◆ What the task requires ◆
Go to the line holding "zunanje čiščenje avtomobila" in the entries below and write out exactly every line down to and including the line holding "Silber Sterling 925".

◆ Available data ◆
--- START ---
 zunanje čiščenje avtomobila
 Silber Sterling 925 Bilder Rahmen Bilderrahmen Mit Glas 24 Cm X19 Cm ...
--- END ---
--- START ---
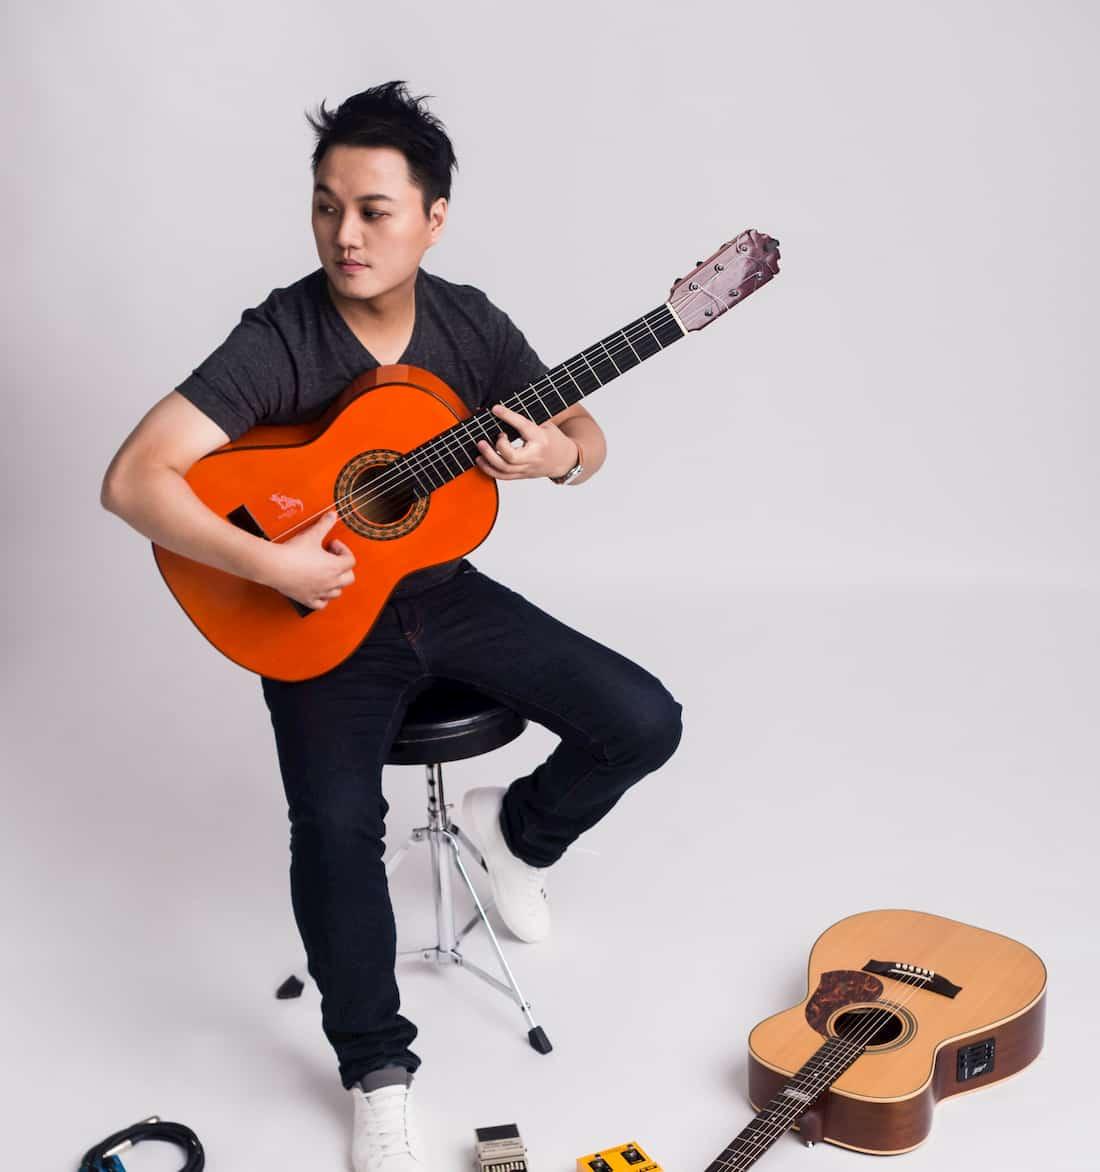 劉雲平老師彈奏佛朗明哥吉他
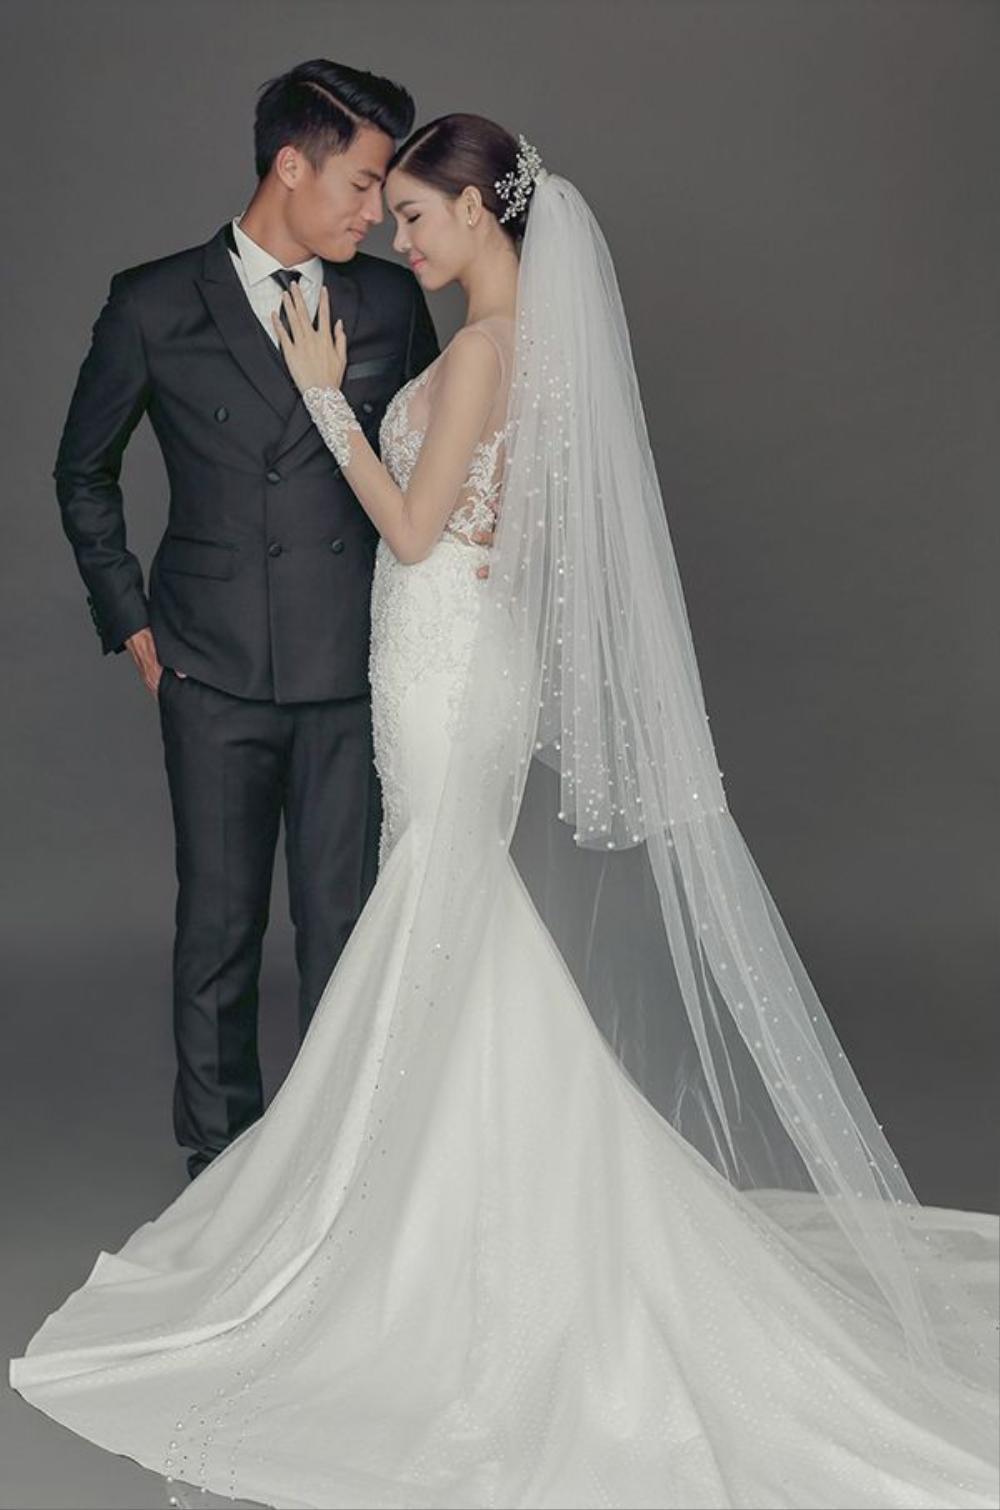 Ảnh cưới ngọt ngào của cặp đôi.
--- END ---
--- START ---
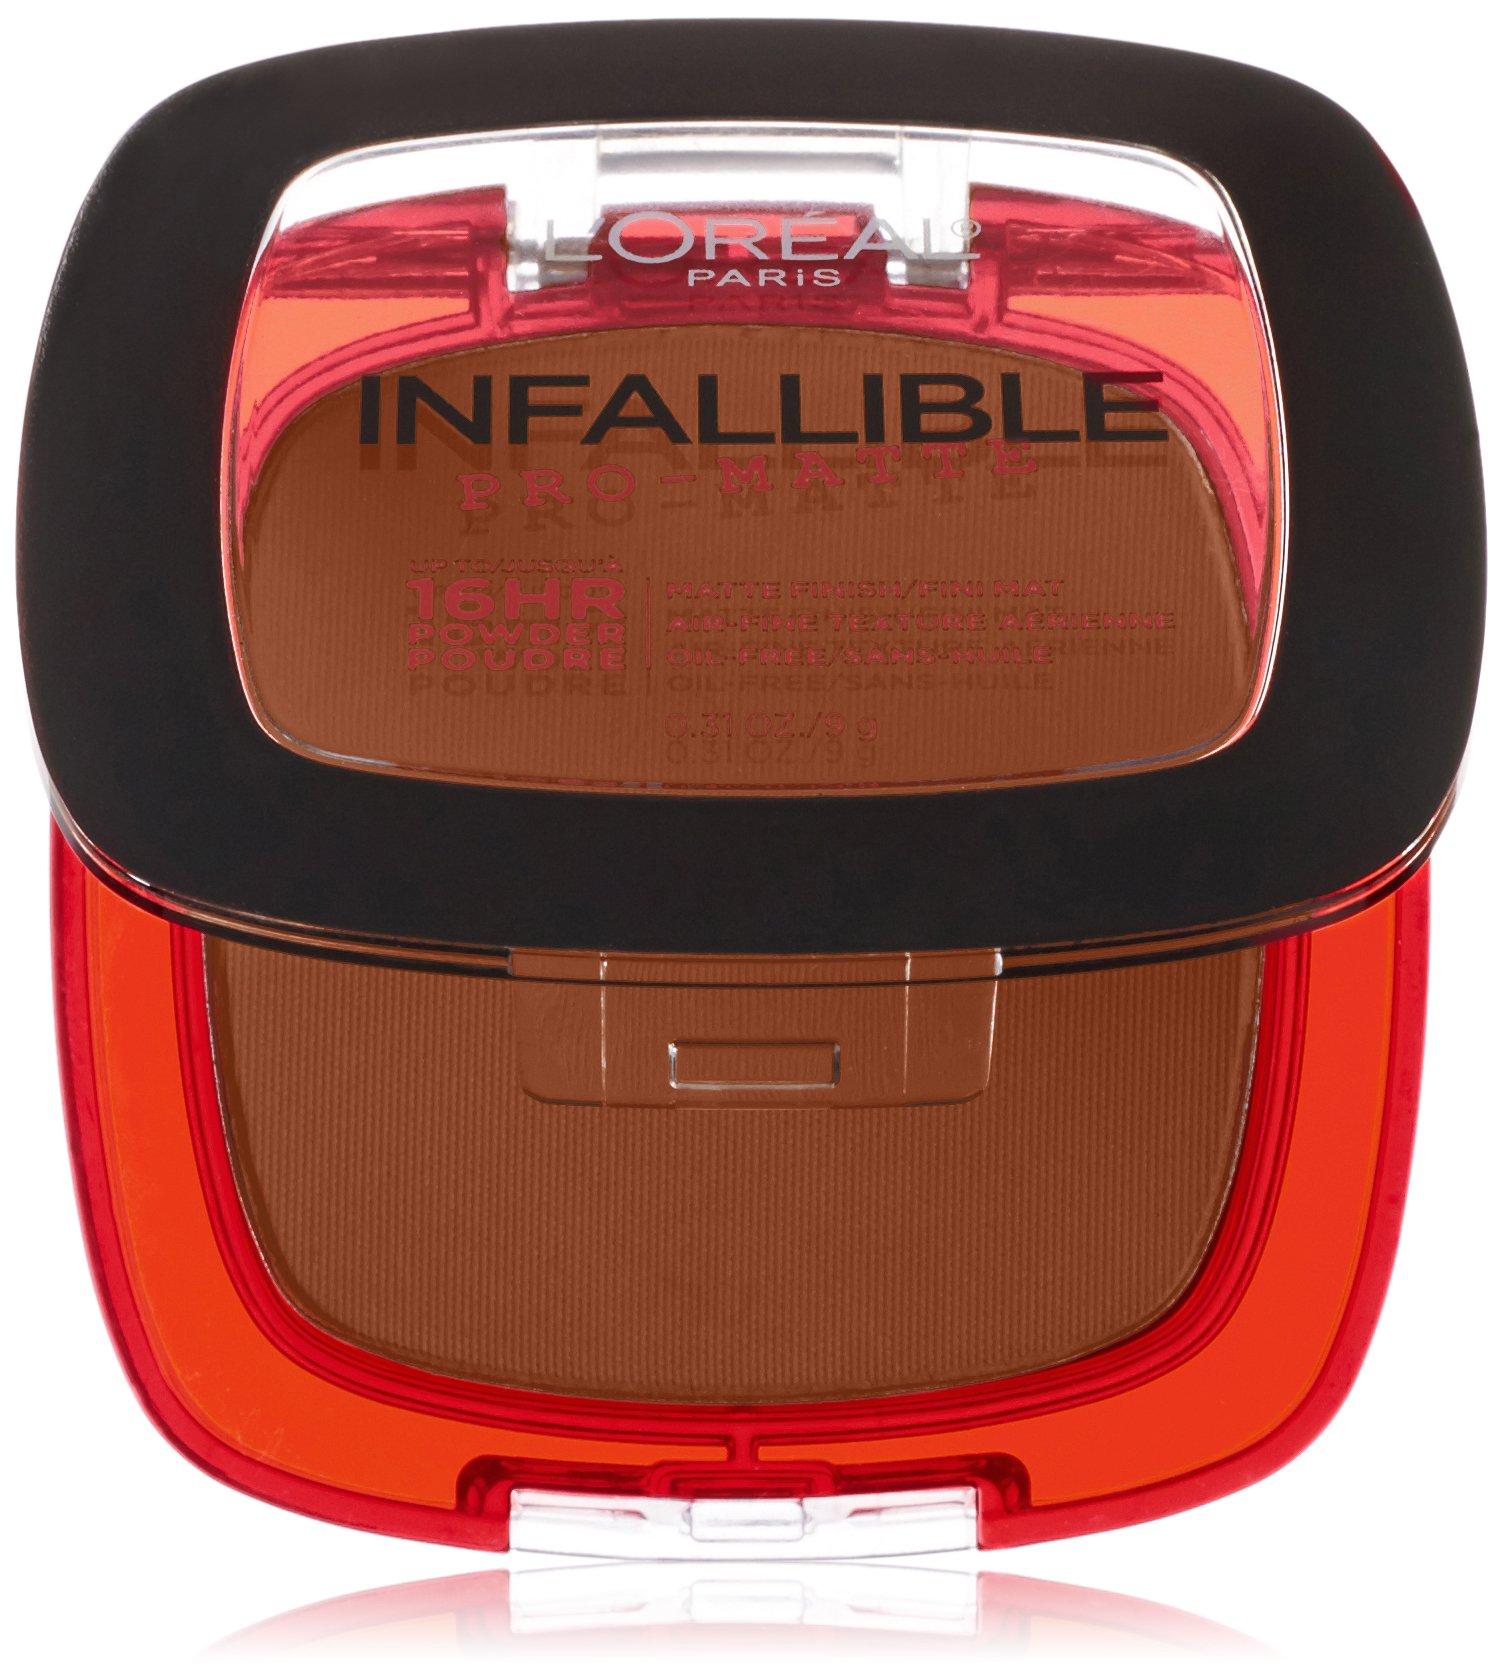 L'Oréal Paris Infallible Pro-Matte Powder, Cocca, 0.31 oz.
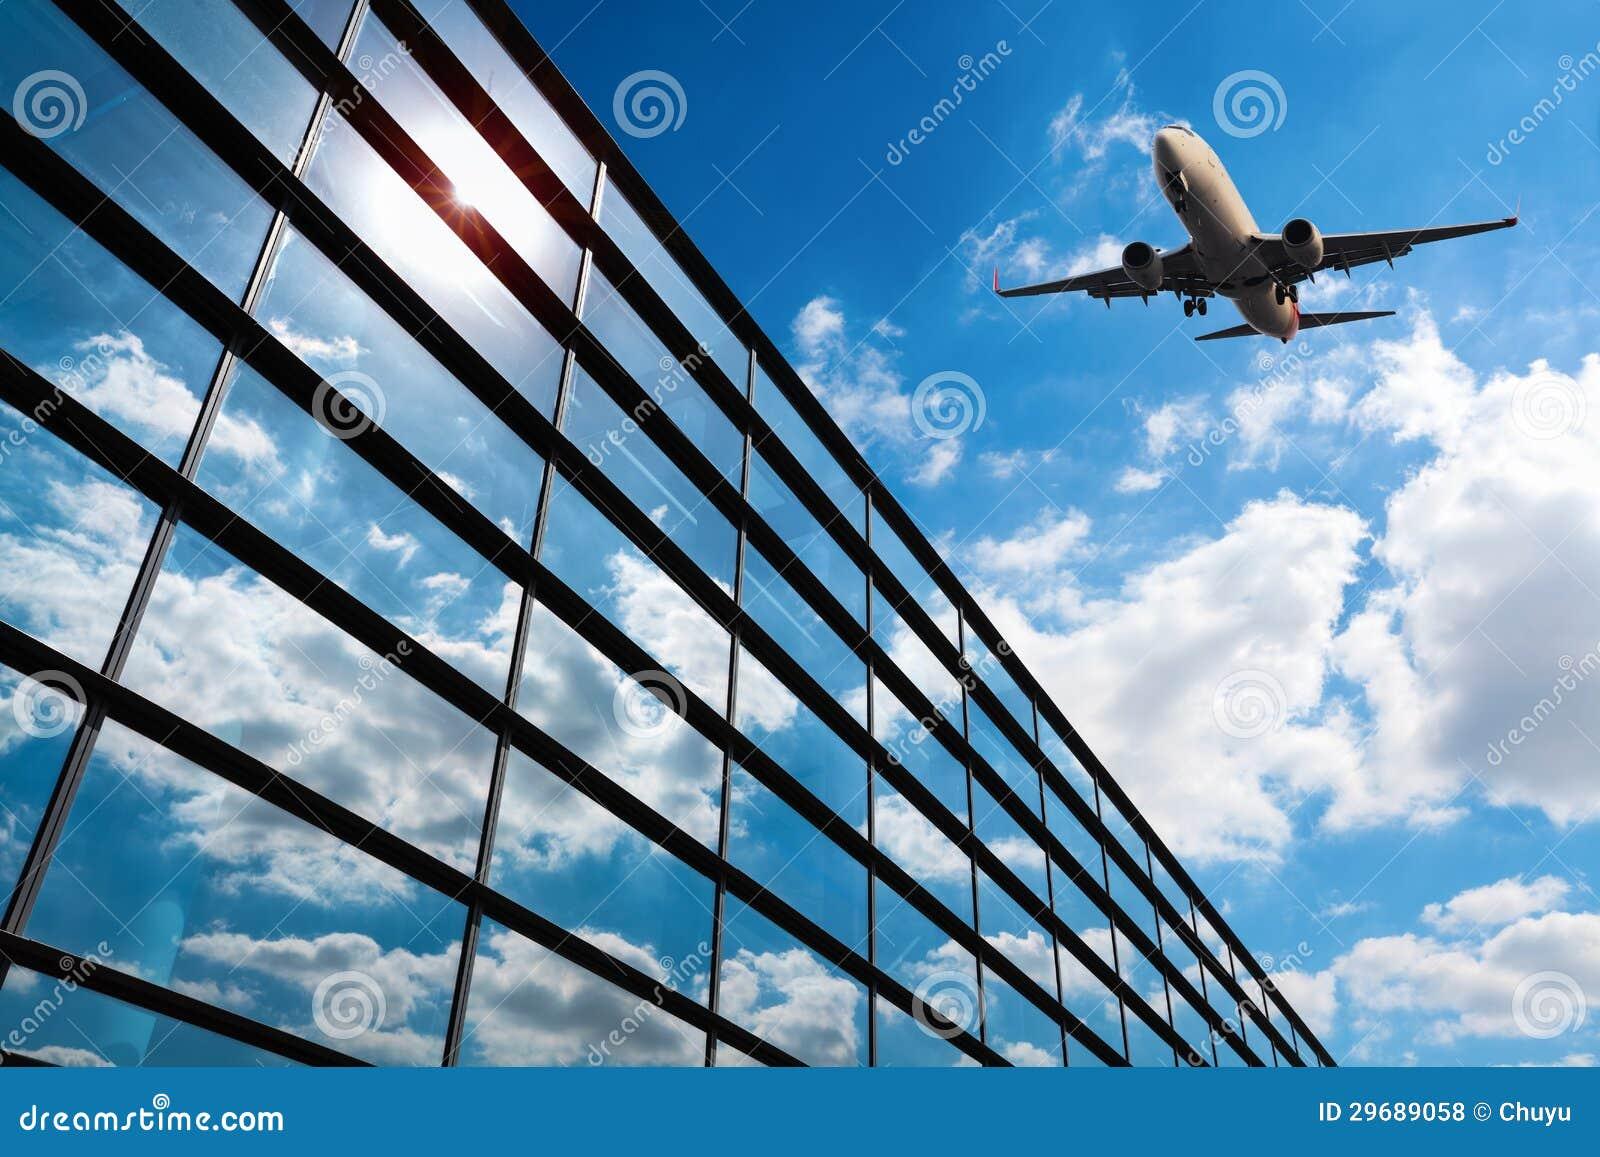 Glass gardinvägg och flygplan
--- END ---
◆ Response below ◆
 zunanje čiščenje avtomobila
 Silber Sterling 925 Bilder Rahmen Bilderrahmen Mit Glas 24 Cm X19 Cm ...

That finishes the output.